As computer systems become commodities in the market place, their components have devolved into mass produced widgets, churned out on production lines that run on quality percentages.
There's a reason for the continuous drop in the price of computer systems and it isn't all economies of scale; some of it comes from the cost efficiencies of relaxing quality control.

It's one thing, an expensive thing admittedly, for your motherboard to burn out, your RAM to fail or for your video card to suddenly stop working.
But it's a mangy, glue-factory destined horse of a decidedly sickly colour when your hard drive, the repository of your carefully collected files, e-mails and hard work, suddenly decides it's time to quietly expire, taking your digital life along with it.
When that happens, there are really only three things you can consider doing with the drive; you can go neanderthal on it and wreak bloody, splintering vengeance on it with a blunt object, you can pay thousands of dollars to a company like Drivesavers to recover your files or you can carefully reconstruct your disk from your collection of backups.

This column (along with next week's, on using backup software) was inspired by a tale of agony from reader
TJ, who complains that inspite of having a gigabyte's worth of flash memory on a USB storage device, a 750MB Zip disk and a CD burner, he is still isn't confident about the security of his data.
"I often get nervous about lack of backup for the backup, a real scare, since the technician who was installing the Speedstream modem accidentally let his boot touch the protruding (front-loaded) stick and bent the connection."
The end goal of any good backup system is a seamless restore.

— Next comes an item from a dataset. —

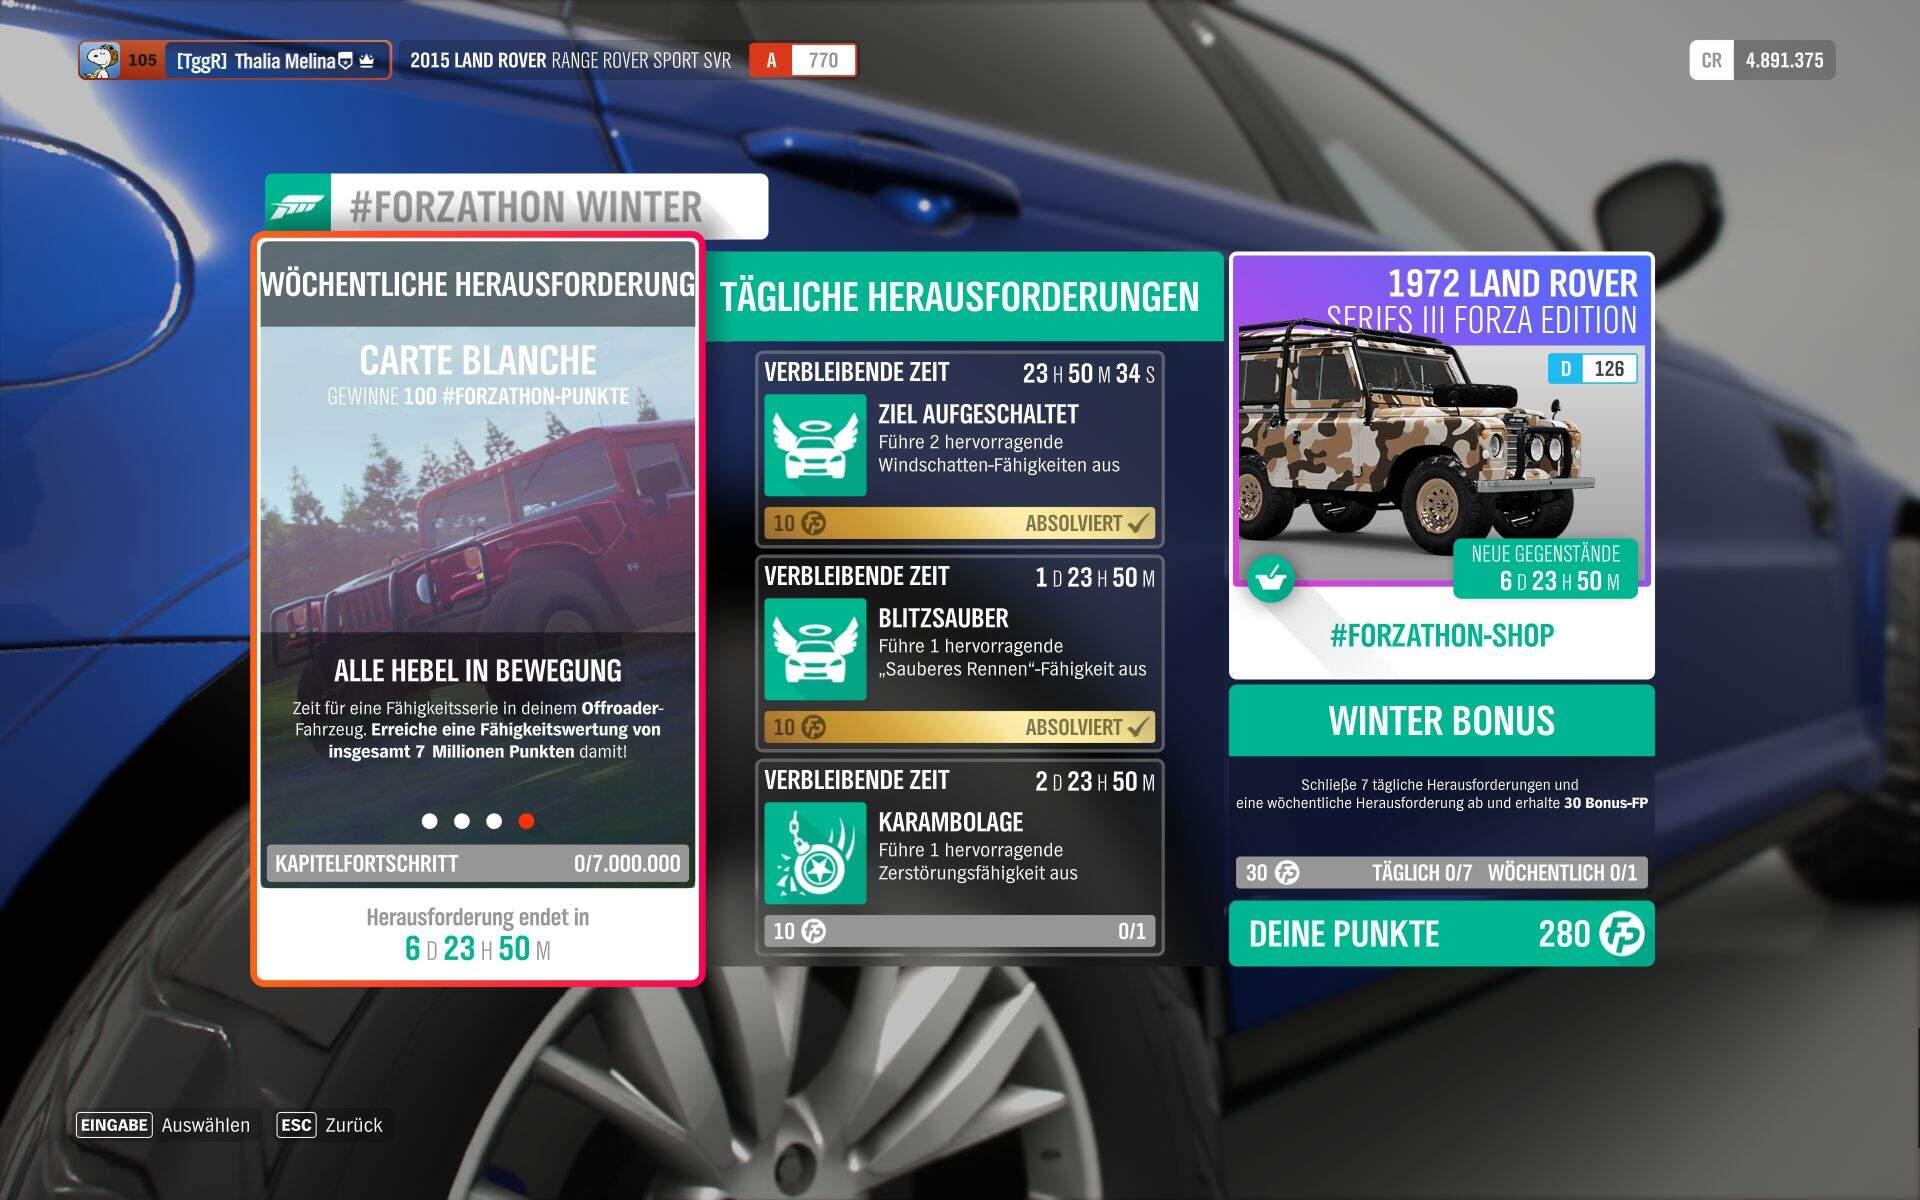 Forza Horizon 4 #Forzathon Guide KW 41 – Carte Blanche Aufgabe 4

You should be able to recover an entire hard drive in a day or less, allowing for a full system reinstall and restoring mission critical applications. Getting to a lost or accidentally deleted file should take a few minutes.

A good backup is useless unless you can restore your computer's usefulness, and I have to tell you, this is something you won't be able to do this yourself.
After long years of losing a file here and there because I forgot to follow my own regimen, I've handed the toil of backing up my data over to the computer.
That's the answer to TJ's problem, and the salve for his frustration with that antiquated Zip disk and Iomega's annoying backup software.

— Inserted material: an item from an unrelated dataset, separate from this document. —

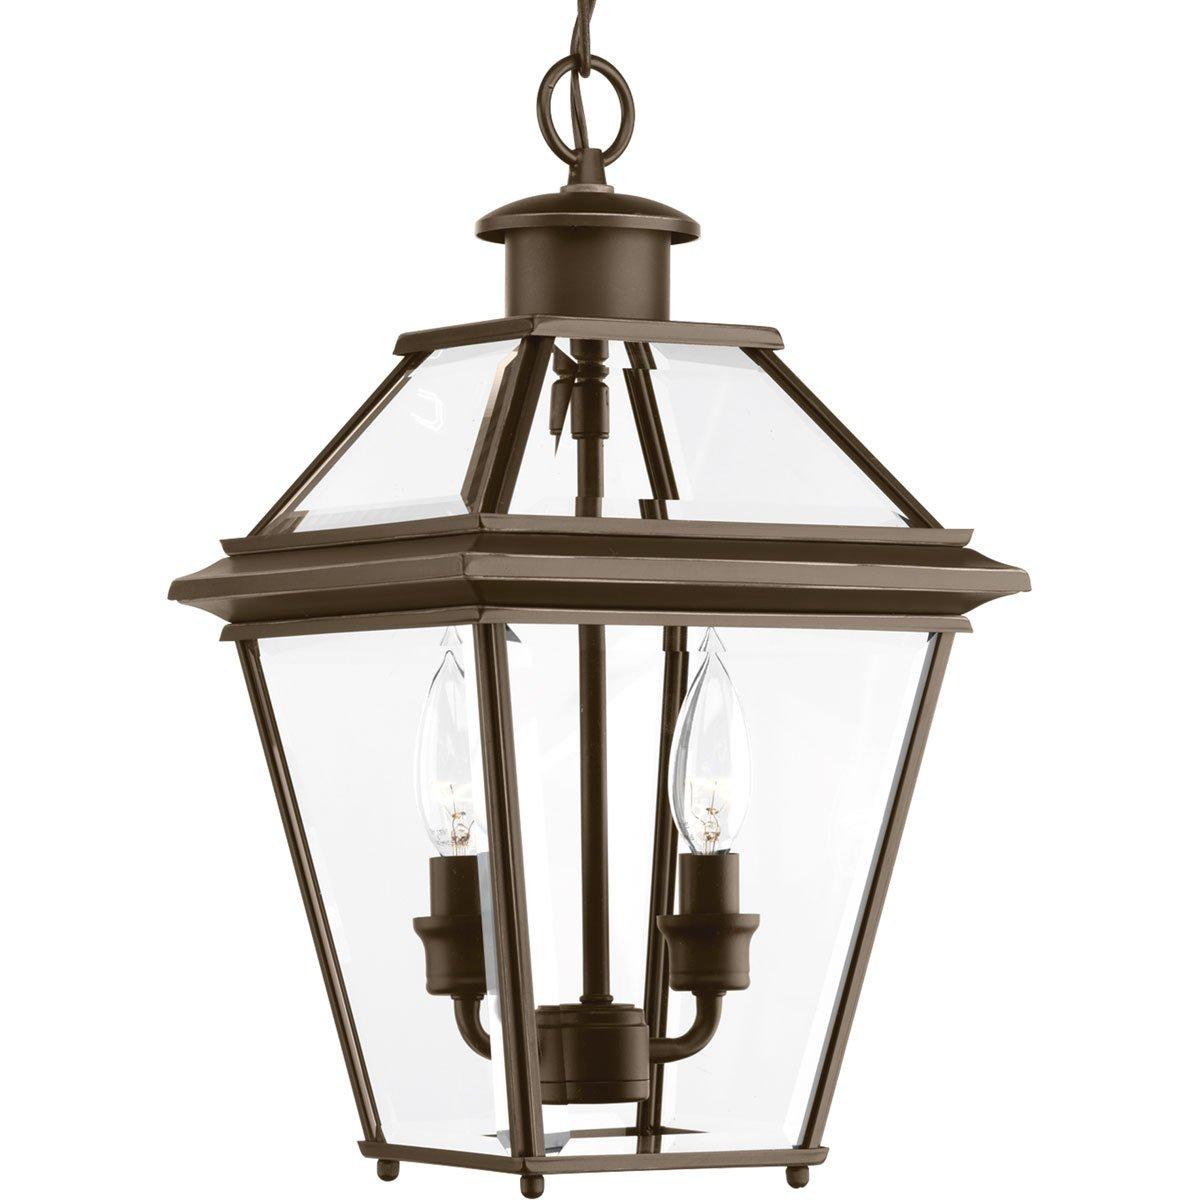 Progress Lighting P6537-20 Burlington Two-Light Hanging Lantern, Oil Rubbed Bronze

The first step in adopting a solid backup regimen is to instill some loose discipline in the way you organise files. It's possible to use backup software to duplicate the contents of your hard disk, but it's more practical to identify a crucial subset of the mass of files that lurk on today's multigigabyte hard drives.
Both Windows XP and Mac OS X make this easier for users by offering folders for documents and other files that tend to appear as the defaults for most applications and are usually recognised by backup software as the first choices for safekeeping.
Most people can manage with backups to removeable flash drives or CDs, but collectors of photography, video and music files on a rapidly filling 60-120 gigabyte drive may want to consider a DVD burner as part of a modern backup regimen.

While you assemble the parts of your backup system and organise your files into neat folders, I leave you, in the best tradition of DJ's all over the world, with something by Mr Sedaka and Mr Greenfield to hum as you consider losing all your data...
Don't take your love away from me
Don't you leave my heart in misery
If you go, then I'll be blue
Cause breakin' up is hard to do.
Next week's more upbeat song will be "Working in a code mine", happy steps to backup nirvana.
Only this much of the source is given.